In common scabies, there are few mites, probably because scratching destroys the
burrows [1]. However, in crusted scabies there may be thousands or even millions
of mites. The diagnosis is confirmed by examination of scrapings and biopsies that
are teeming with mites and eggs [1].

Our patient, who apparently had not any underlying significant disease, lacked
several features that are usually seen in crusted scabies. She also did not have any
palmoplantar or subungual lesions.

Itching, which is the hallmark of scabies, was minimal or absent in this patient. It is
generally believed that patients with crusted scabies do not itch. But, at least 50
percent of the patients have some degree of itching [2]. The itch, if present,
diminishes with time. In our patient the itching was absent.

Treatment of crusted scabies can be very challenging because of various factors


including the host's compromised immunity, the widespread nature of the eruption,
the high mite burden, and the limited penetration of the topical agents into the
hyperkeratotic lesions. Thus, the treatment of crusted scabies doesn't only include
scabicidals, but also keratolytic agents to remove the thick crusts, which are a nidus
for the mite. Removal of these crusts can be performed by employing a keratolytic
agent such as 5-10 percent salicylic acid in petrolatumor 40 percent urea; soaking
in a hot bath may also help. This may reduce the mite load and also enhances the
efficacy of topical scabicidals [3]. Various topical agents and oral drugs used in the
treatment of classical scabies are also used in treating crusted scabies [4] including
topical sulfur compounds, benzyl benzoate, crotamiton, lindane, malathion,
permethrin, and ivermectin [5].

Oral ivermectin has been proven to be very effective and is now considered as the
treatment of choice for crusted scabies [4] and other resistant cases, but it is not
available in Syria. Hence, we treat these patients with a daily dose of 800 mg of
albendazole with fatty meals for 3 consecutive days and an application of 5 percent
salicylic acid in crotamiton twice daily for 1 week.

Benzimidazoles (albendazole, fenbendazole, oxfenbendazole, mebendazole, and


thiabendazole) are broad-spectrum antiparasitic agents used against a wide range
of nematodes and cestodes. By binding to free B-tubulin, benzimidazoles inhibit the
polymerization of tubulin and microtubule-dependant glucose uptake, leading to
parasite death. These agents may additionally interfere with the synaptic
transmission of parasites through a probable cholinergic effect [6]. Effectiveness of
oral and topical thiabendazole against scabies has been pointed out in only a few
reports since the 1960s [6, 7]; thiabendazole and the newer agent albendazole have
been successfully used against pediculosis capitis [8, 9]. Drs. N. Ayoub, M. Merhy,
and R. Tomb treated 2 cases of scabies successfully with a daily dose of 1000 mg of
albendazole with fatty meals for 3 consecutive days and an application of a 5
percent salicylic acid ointment once daily for 1 week [10].
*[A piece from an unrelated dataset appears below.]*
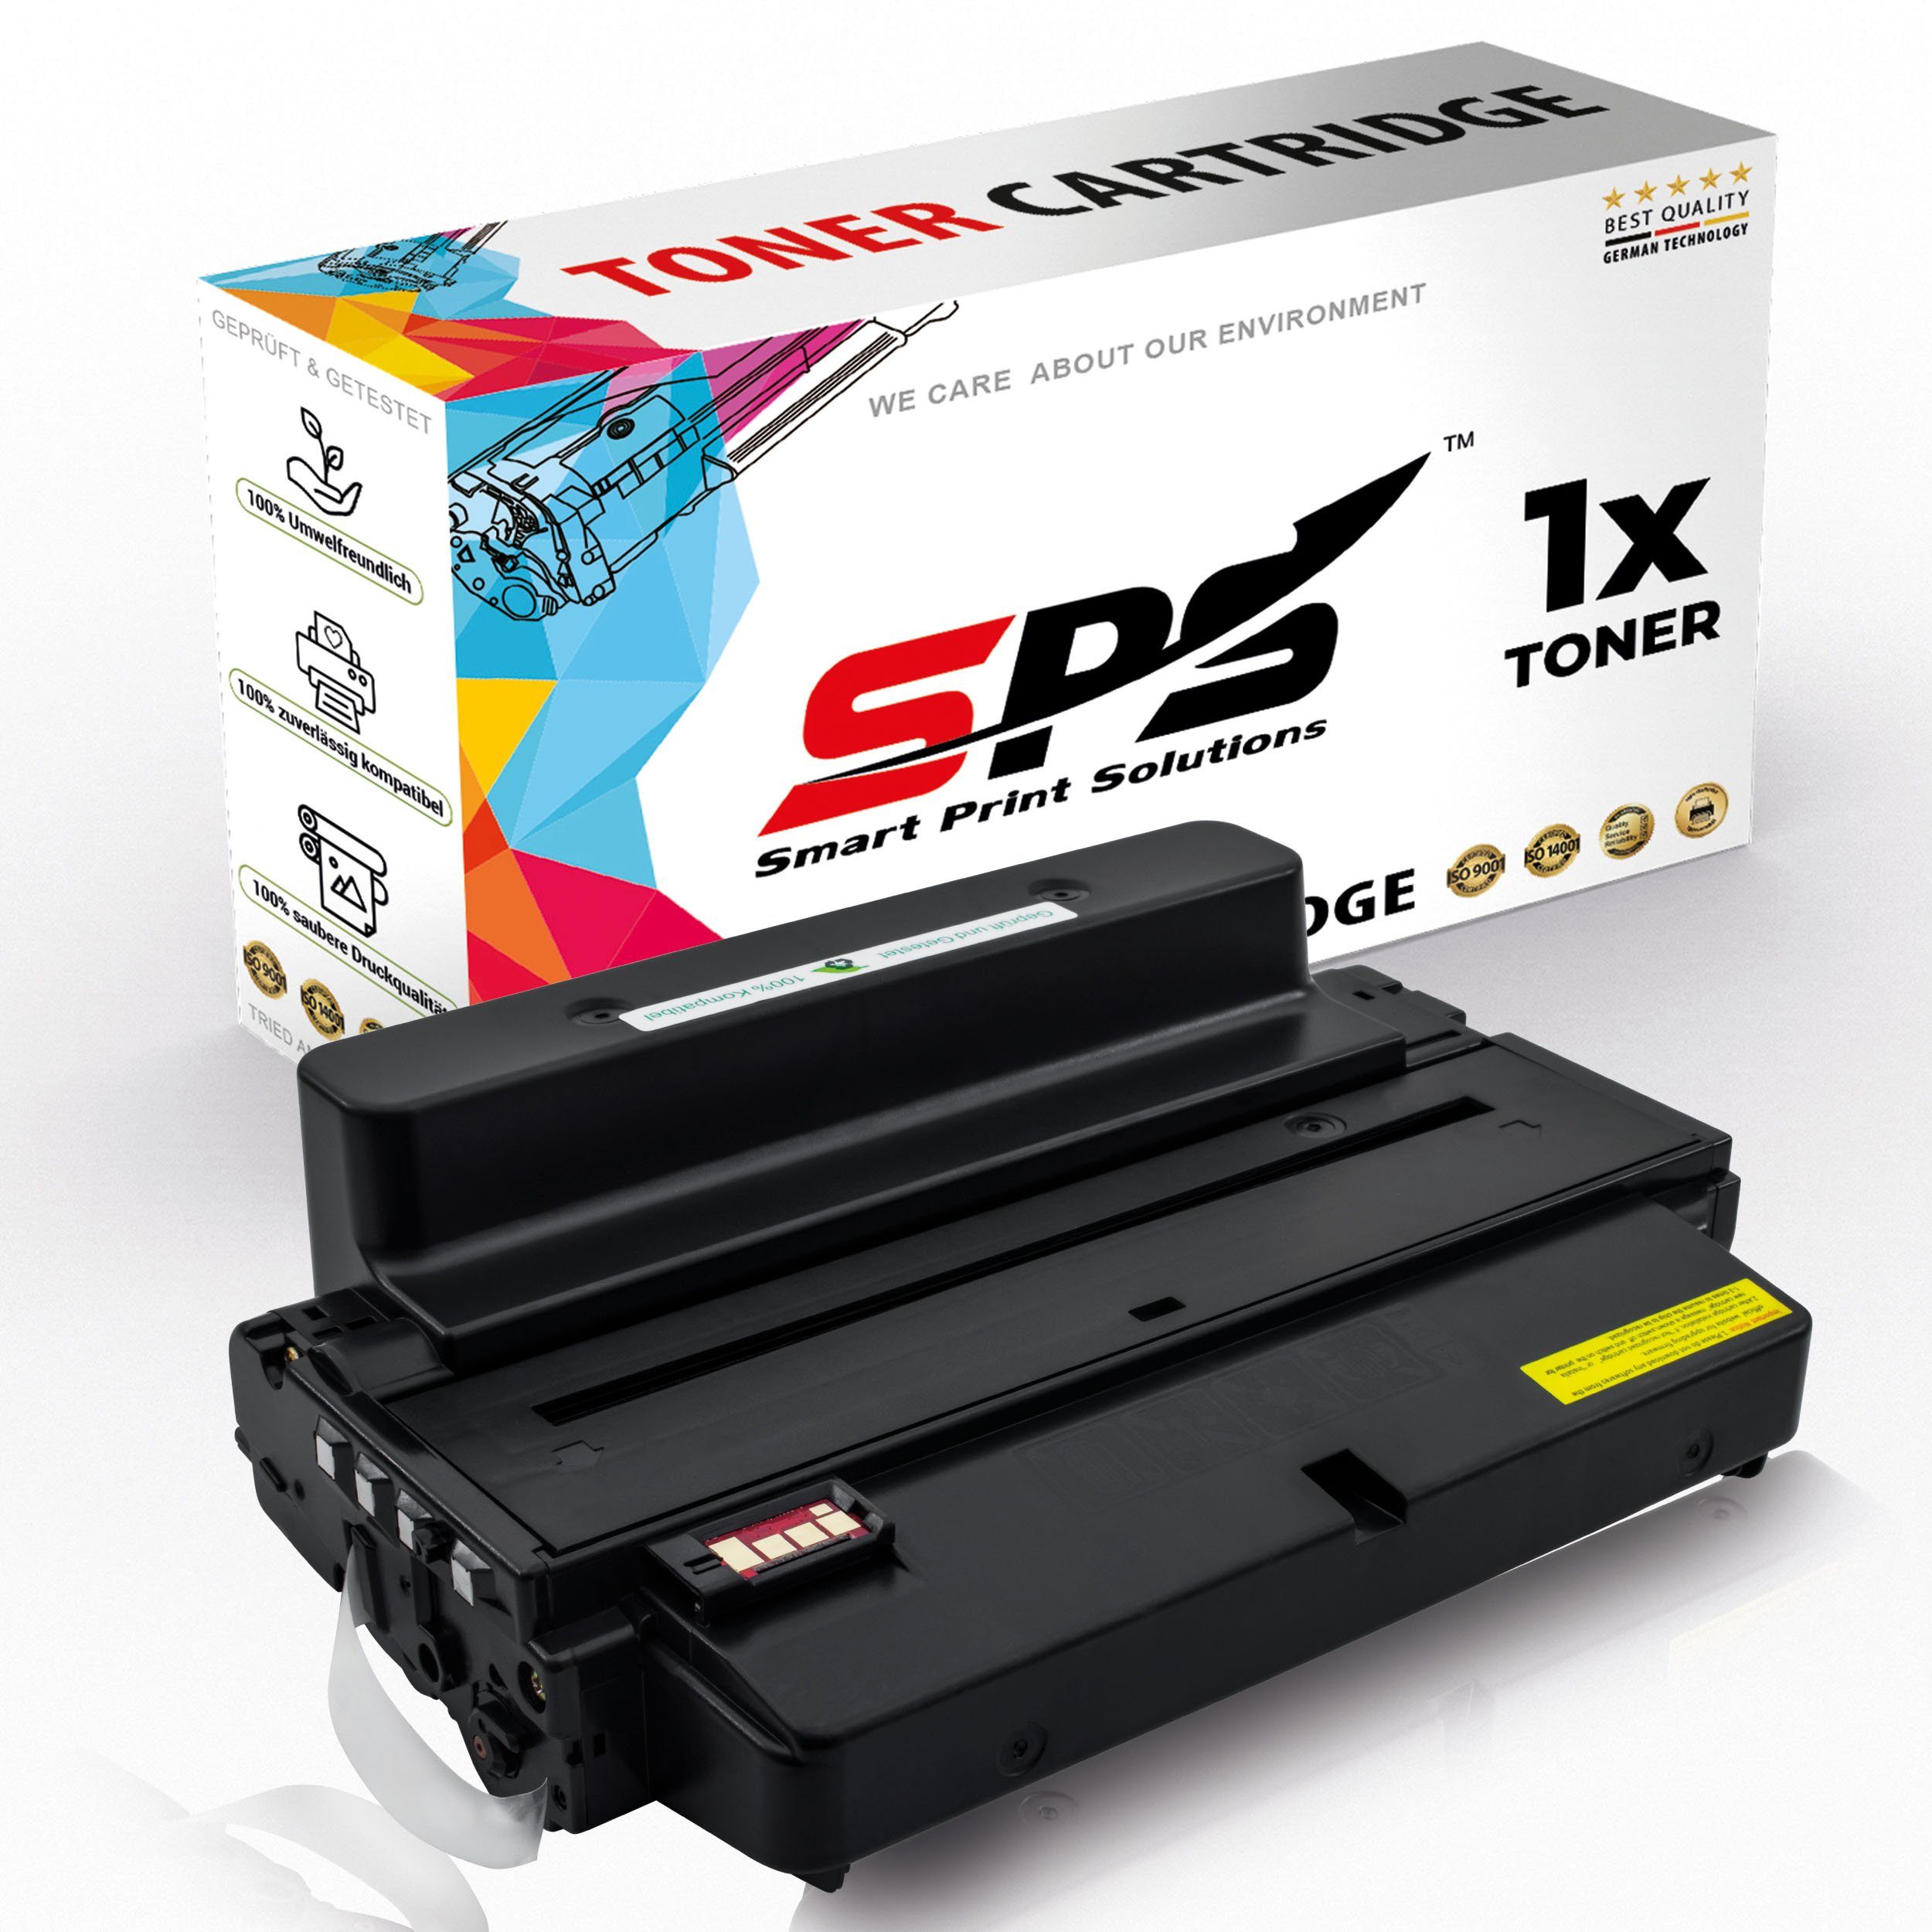 SPS Tonerkartusche Kompatibel für Samsung SCX-5639 (MLT-D205L/205L), (1er Pack, 1x Toner)

In conclusion, crusted scabies without involvement of palms, soles, and head is


unusual. Our patient was also without subungual crusting, but exhibited the usual
lack of pruritus. Crusted scabies can occur in apparently healthy persons. This
possibility should be kept in mind in order to prevent misdiagnosis of this
uncommon condition. Oral albendazol is safe and effective for treating scabies.